Une double conviction — que nous partageons — nous semble animer son entreprise : la conviction, d’une part, de l’irréductible dimension incarnée de ce qu’on appelle encore et toujours la ‘’maladie mentale’’ alors même qu’elle présente une évidente dimension corporelle, que ce soit dans l’hystérie, la mélancolie ou la schizophrénie ; la conviction, d’autre part, de la nécessité d’approfondir la phénoménologie du corps vécu afin de dégager en deçà du corps visé intentionnellement un vivre corporellement, c’est-à-dire la corporéité en tant qu’elle est constamment à l’œuvre dans notre ouverture à l’être ne serait-ce que sous la forme du sentir et du mouvement corporel. Dans cette perspective, MG entreprend une nouvelle description de la corporéité du Dasein, que l’on peut appréhender selon les trois dimensions distinctes et fondamentales que désignent le corps de chair, le corps propre et le corps apparaissant.
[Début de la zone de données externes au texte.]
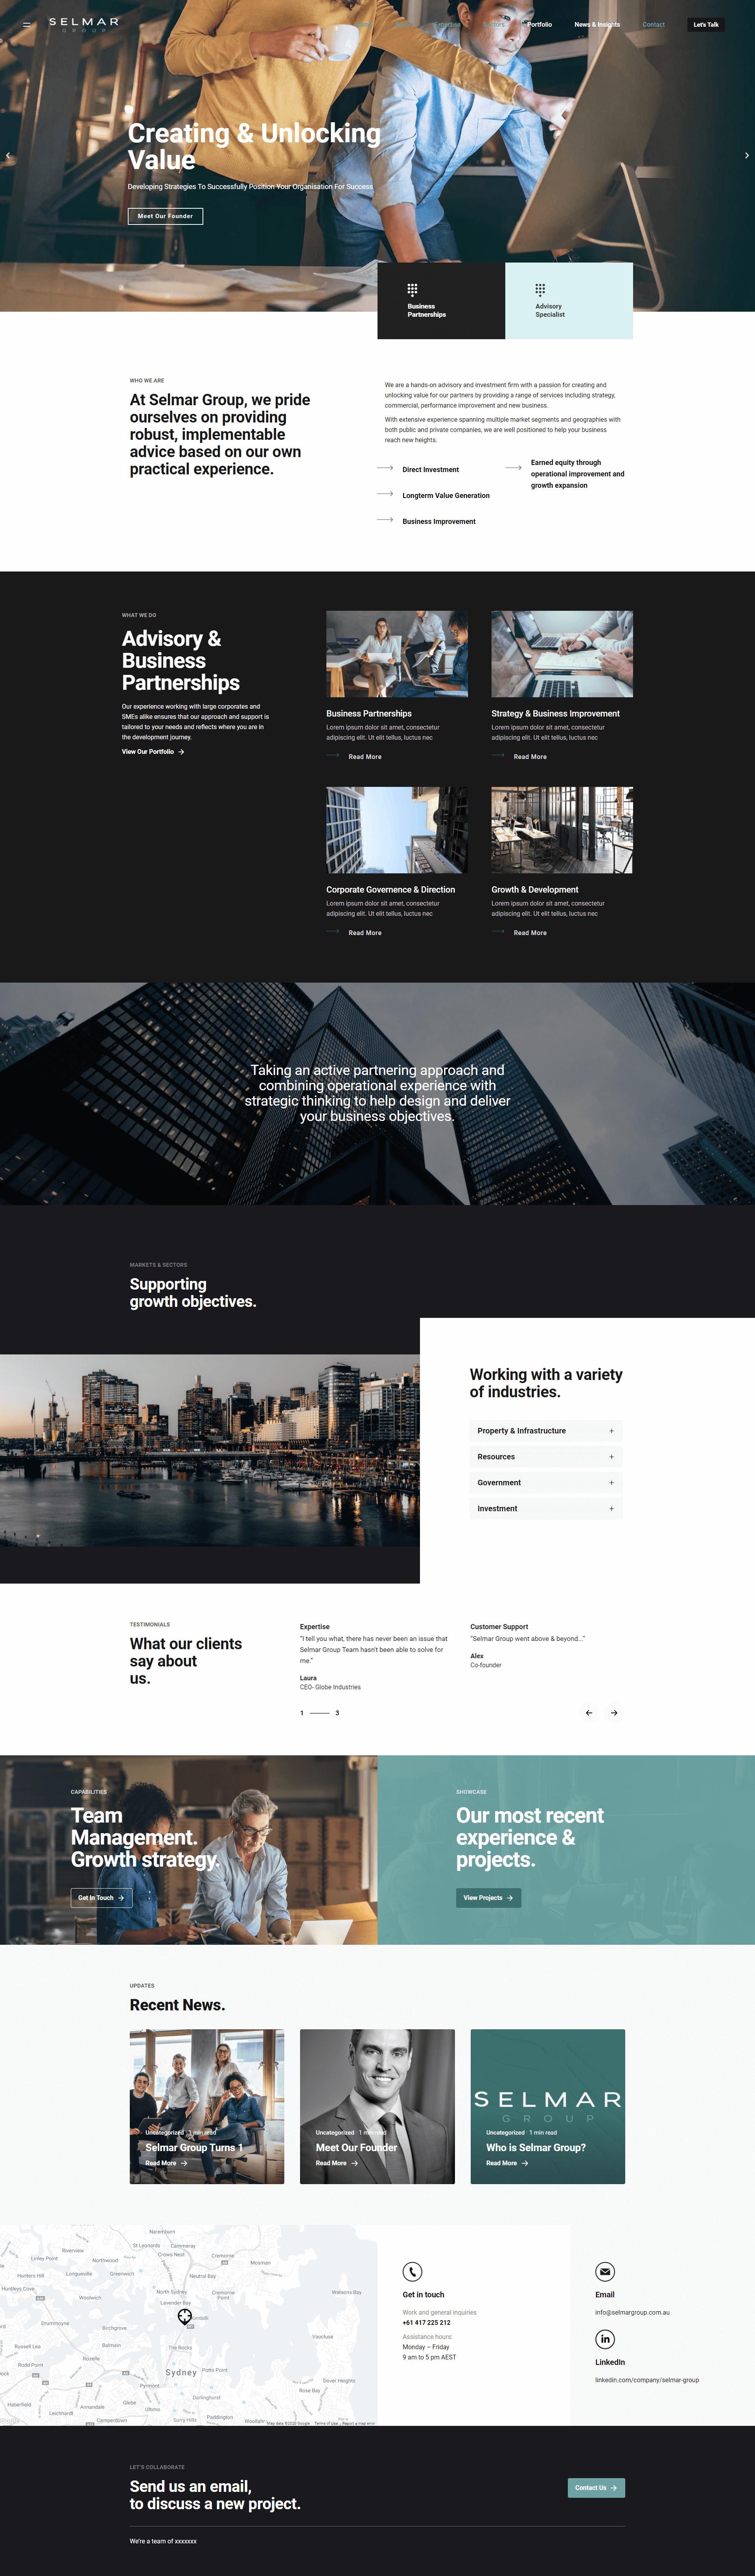 selmar-group-website-design-website-development-branding-logo

Nous voudrions aujourd’hui nous arrêter sur ces trois dimensions de l’expérience corporelle que MG explore en prenant appui sur différents auteurs qui, pour certains d’entre eux, sont relativement bien connus en France : nous pensons à Erwin Straus, à Merleau-Ponty, à Jean-Paul Sartre, à Winnicott, tandis que d’autres comme Buytendijk, Zutt et Kulenkampff, le sont beaucoup moins. Notre ambition sera ici des plus modestes : nous voudrions en effet reprendre et interroger les grandes lignes de la description par MG de la corporéité. Mais afin de mieux situer ses analyses, il convient nous semble-t-il de rappeler, dans un premier temps, certains éléments fondamentaux de la phénoménologie husserlienne et post husserlienne de la corporéité.

 

I. La distinction husserlienne du Leib et du Körper

 

Au §36 des Ideen II (c’est-à-dire du deuxième volume des Idées directrices pour une phénoménologie et une philosophie phénoménologique pures, intitulé Recherches phénoménologiques pour la constitution et traduit en 1982 par E. Escoubas), et en rupture avec la conception cartésienne du corps comme res extensa, Husserl distingue deux modes d’apparaître du corps et, corrélativement, deux dimensions de l’expérience corporelle. En effet, dans ce volume consacré à la manière dont la conscience constitue la nature animale, Husserl réfléchit sur la manière dont la conscience constitue le corps, et prend pour fil conducteur l'expérience de la main droite touchant la main gauche. C’est en effet cette expérience séminale de la double sensation tactile, du touchant-touché, qui permet à Husserl de distinguer rigoureusement, d’une part, le Leib, le corps vivant, la chair, d’autre part, le Körper, le corps, le corps chosique.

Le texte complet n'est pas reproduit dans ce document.